I had not expected to get away without some challenges. First was the ghost child, who never slept. She had lain quite still watching my preparations, but when I finally judged the light was good enough and made for the door, my bag over my shoulder, my writing box under my arm, she was suddenly there by my side, clinging to my skirt, shadowy eyes turned on me.
“I come with you.”
Fianchu woke at the tiny sound, lifting his head.
“Hush,” I whispered. “You must stay here; you can’t come with me.”
“I come!” Louder this time. The dog, still slow from sleep, began to get up.
I put down the box, took off the bag, dipped my hand down inside. I pulled out Róise. “I have to go away for a while,” I murmured, crouching beside the little girl.“I need you to stay here and look after her. Can you do that for me?”The deception was cruel, but I could see no other way.
The ghost child took the doll in her arms, cradling her. She said nothing more, but the question was written on her face: When are you coming back?

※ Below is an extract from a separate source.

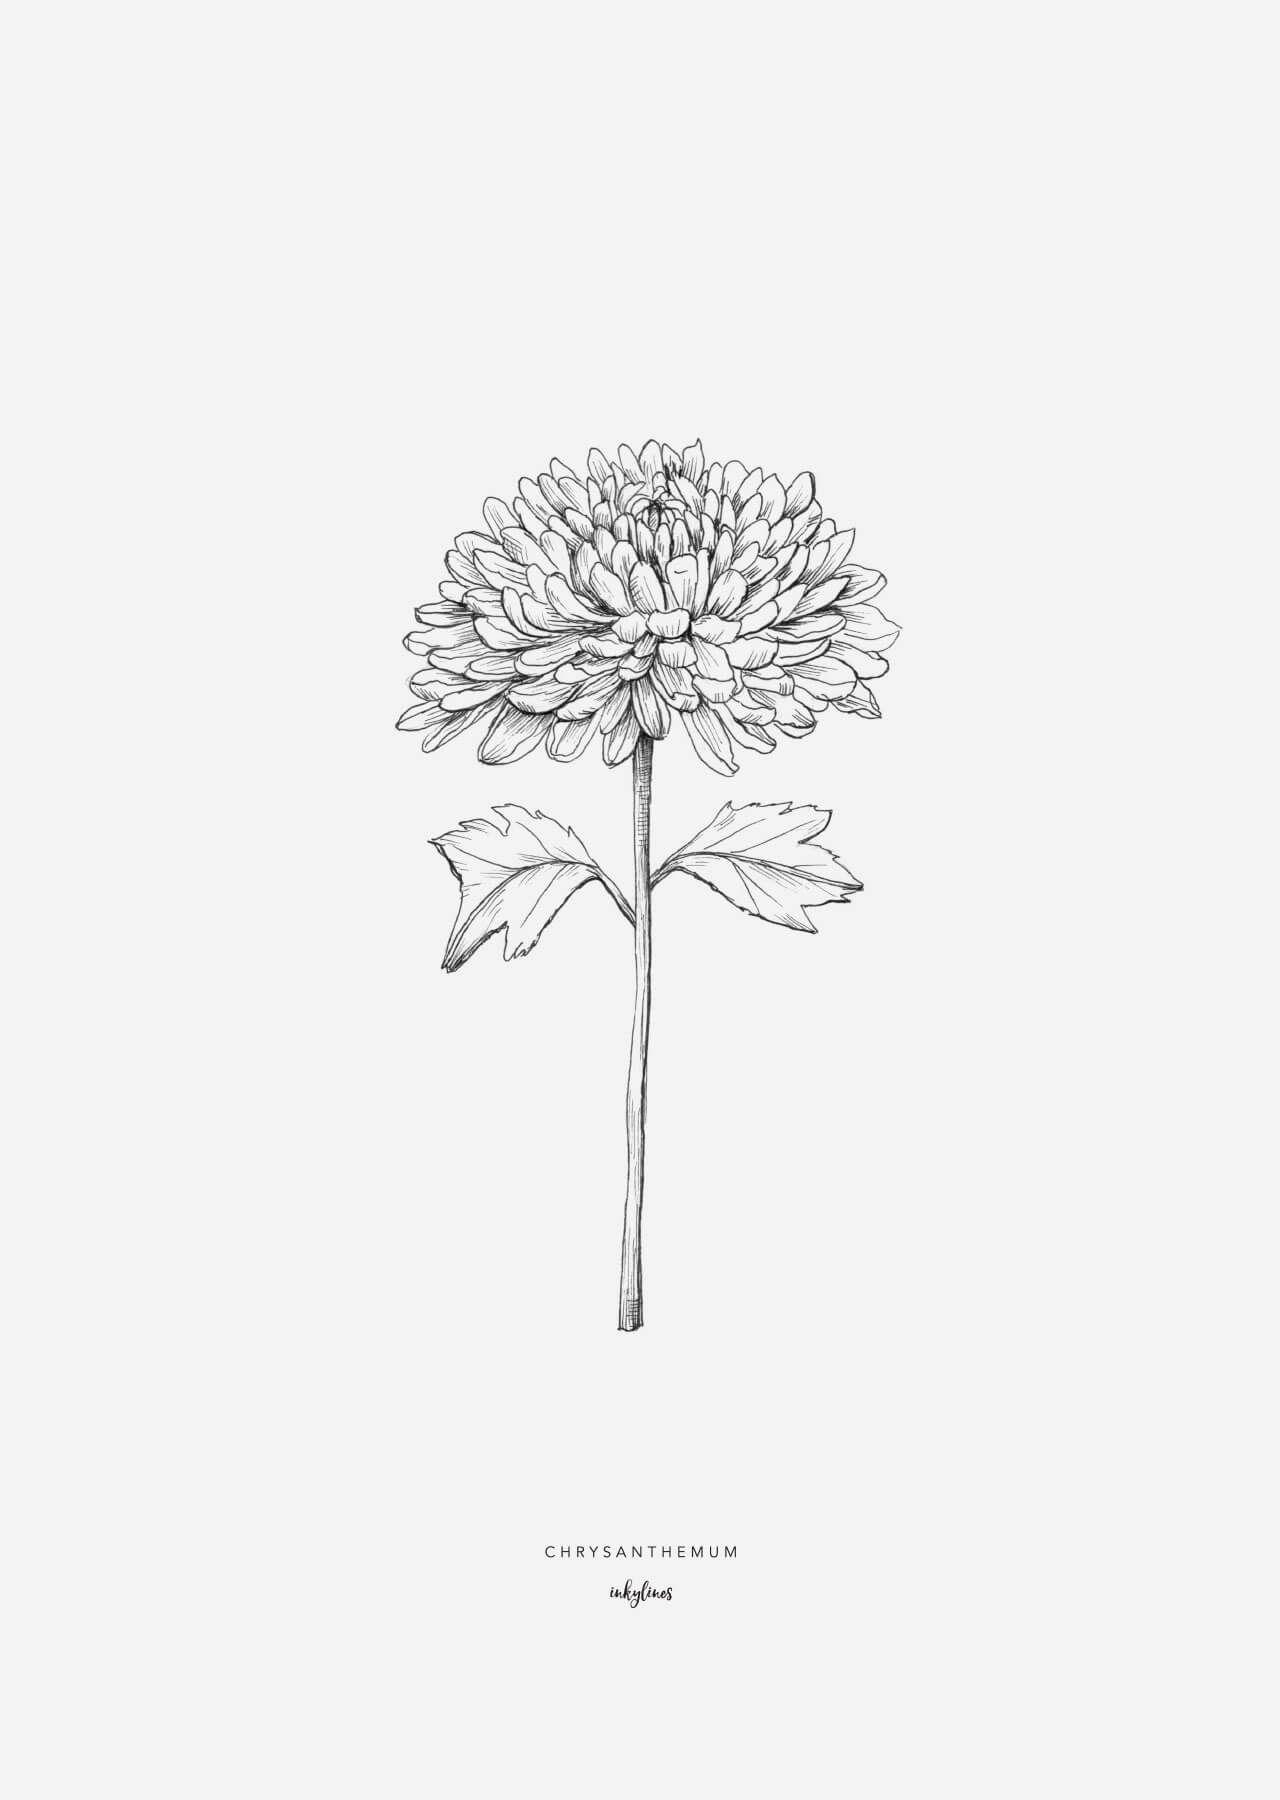 Printables Chrysanthemum Chrysanthemum Tattoo Birth Flower Tattoos Chrysanthemum Flower Tattoo

“I might be gone a long time,” I said. “I know you’ll do a good job with Róise. She needs someone to love her, just like all of us. Goodbye, little one.”
Fianchu was on his feet now, ears pricked, stance alert.Very possibly, he understood enough to go bounding off and wake his master the moment I went out the door.
“Fianchu,” I said, making sure I had his full attention. “Guard her.” I pointed to the ghost girl. “Stay here and guard her!”
Fianchu sat. His little eyes, fixed on me, were entirely knowing. But he was a dog and it was his job to obey.
“Good boy. Stay here until the sun’s up.You too,” I told the girl. “He will look after you.”
I crept out the door, along the gallery, down the steps. Shades of gray inhabited the garden; eyes watched me from under the dark trees. Across the courtyard, a lamp still burned in Anluan’s quarters. The mad woman inside me stirred—go to him, run to him, now, now—but I quashed her pleas. I walked down the path, out the gap in the fortress wall, into the forest.
Nobody came after me. I pictured the ghost child in the bedchamber, the doll pressed to her skinny chest. I imagined I could see in her eyes the pain of yet another betrayal, another abandonment.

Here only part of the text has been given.